Thirty percent of villages interviewed by scientists reported that orangutans had been killed in the last five to 10 years.
New approaches are needed to stop the killing of orangutans in Borneo
Photo: Pixabay/a_m_o_u_t_o_n
Orangutans in Borneo are remarkable creatures, but as their ancestral forests have been shrivelling and fragmenting around them these great apes lead increasingly precarious lives.
Yet it isn’t just habitat loss that threatens their continued existence in the wild. So does wanton killing.
A team of researchers has confirmed this after visiting 79 villages across the range of the Bornean orangutan in Kalimantan and interviewing 431 locals in 2020 ane 2021. The scientists have found that despite stepped-up conservation efforts the killing of orangutans continues, posing “a substantial threat” to Bornean orangutan populations.
“Our study builds on previous research which indicated killing was one of the key reasons for orangutan population decline, alongside habitat loss,” explains Emily Massingham, a scientist at the University Queensland’s Faculty of Science who led the research.
“The aim of our project was to understand whether orangutans have been killed in recent times, to look at whether conservation projects are effectively preventing killing, and to gain insights into community perceptions and the motivations behind it,” Massingham elucidates.

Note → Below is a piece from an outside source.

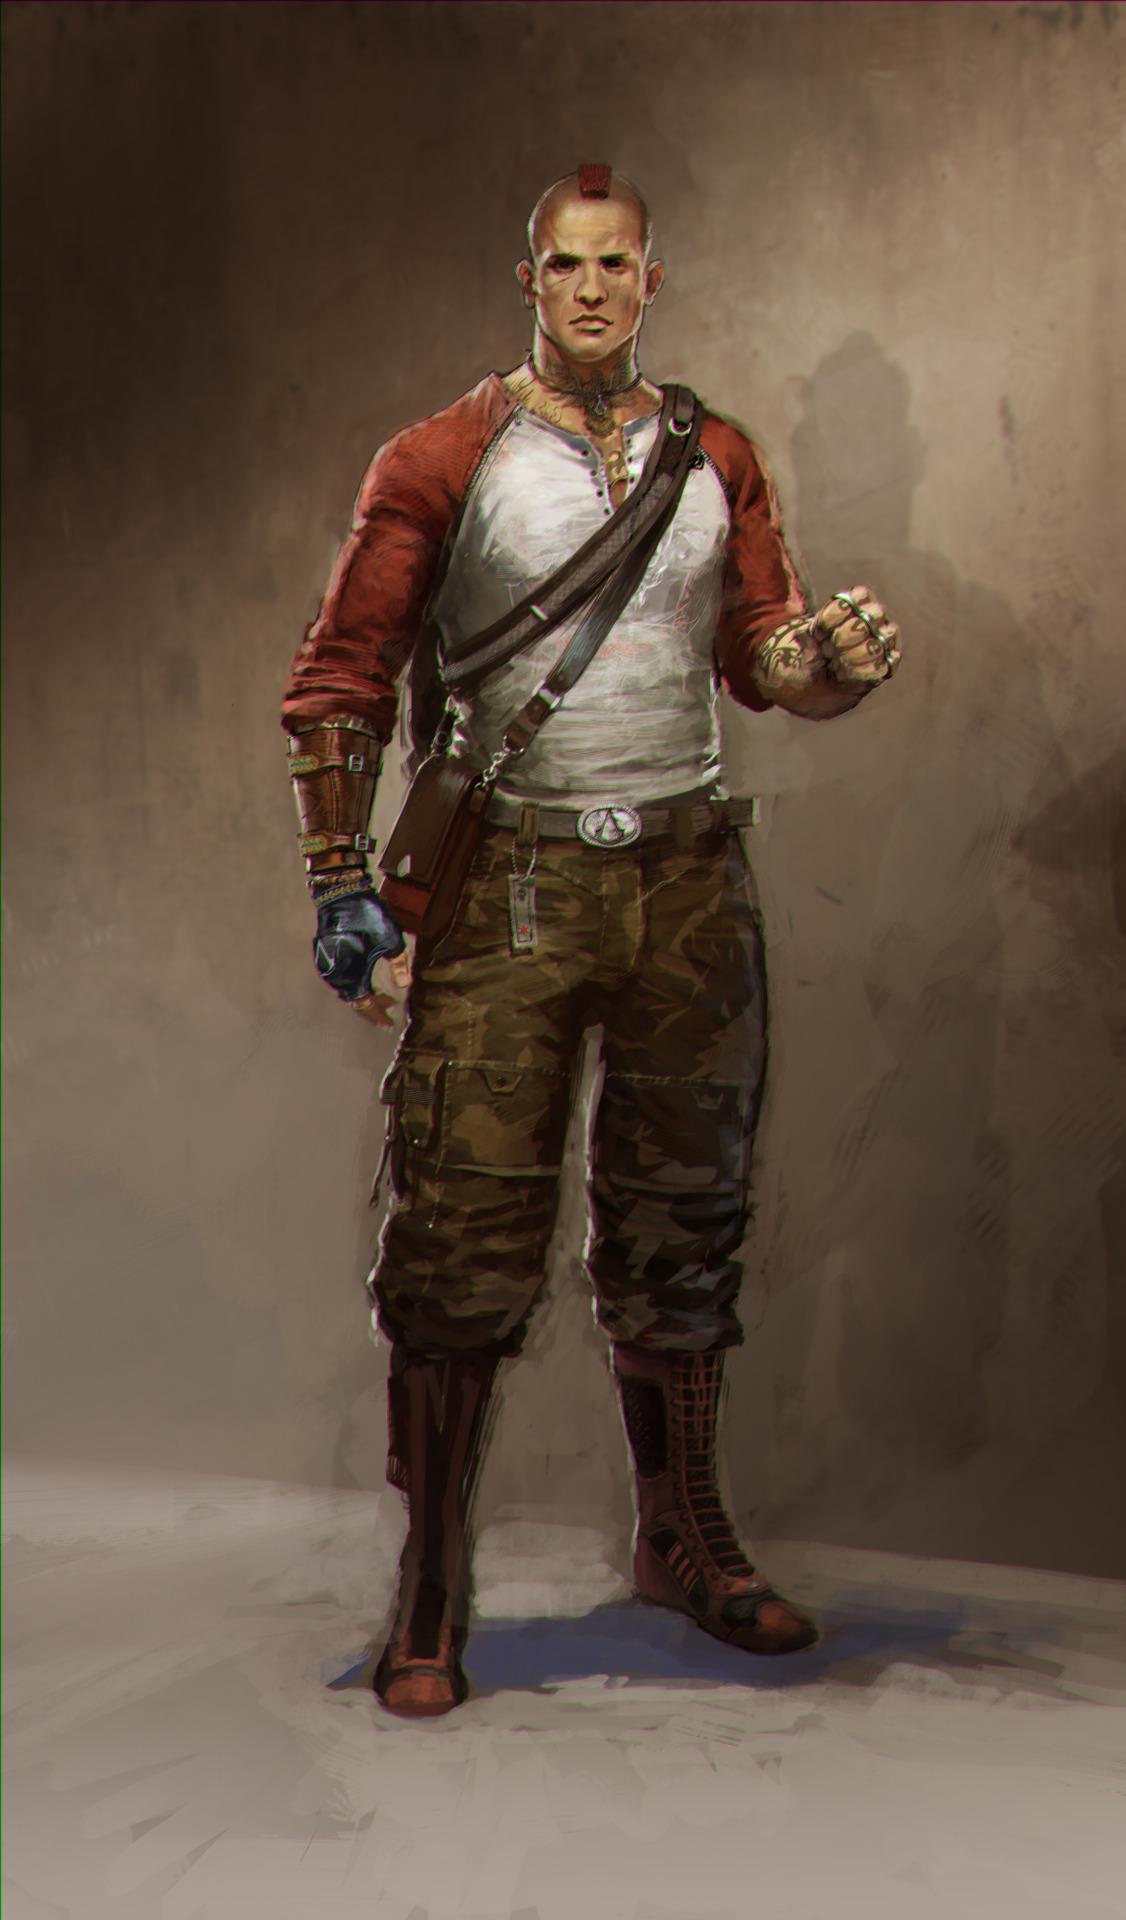 arend schut cunningham assassins creed wiki fandom

“It has been almost 15 years since the previous study, and we did not find a clear decrease in killings despite Indonesia’s commendable efforts to reduce habitat loss,” the researcher adds. “Thirty percent of villages reported orangutans had been killed in the last five to 10 years, despite the practice being both illegal and taboo, which also makes it hard to get an accurate picture of the true scale.”
Over the past decades Borneo’s orangutan population has halved to around 100,000 individuals left in the wild. They are facing a host of challenges, most of them from people and their activities. Troublingly, conservation efforts seem to have had little impact on the killing of orangutans on the island.
“Our findings did not indicate that conservation projects are reducing killing, highlighting an urgent need to improve the collective approach to orangutan conservation,” Massingham stresses.
As a result, conservationists should seek to better understand why people continue killing the great apes to address these drivers of the practice to halt and reverse the decline in orangutan populations.
This is especially important as orangutans are slow-breeding animals, which makes them particularly vulnerable to population declines driven by the death of adult apes, according to the study.
“Our interviews revealed some of the situations which lead to the killing or displacement of individual orangutans,” Massingham notes. “They include protecting crops and taking infant apes to keep as pets.”
Among their recommendations her team suggests working more closely with communities in orangutan ranges as well as boosting collaborations among conservationists and local authorities.
“Conservationists need to work closely with individual villages to understand their needs and perspectives, identify the social drivers of killing of orangutans and implement solutions that reduce human-orangutan conflict,” the scientist says.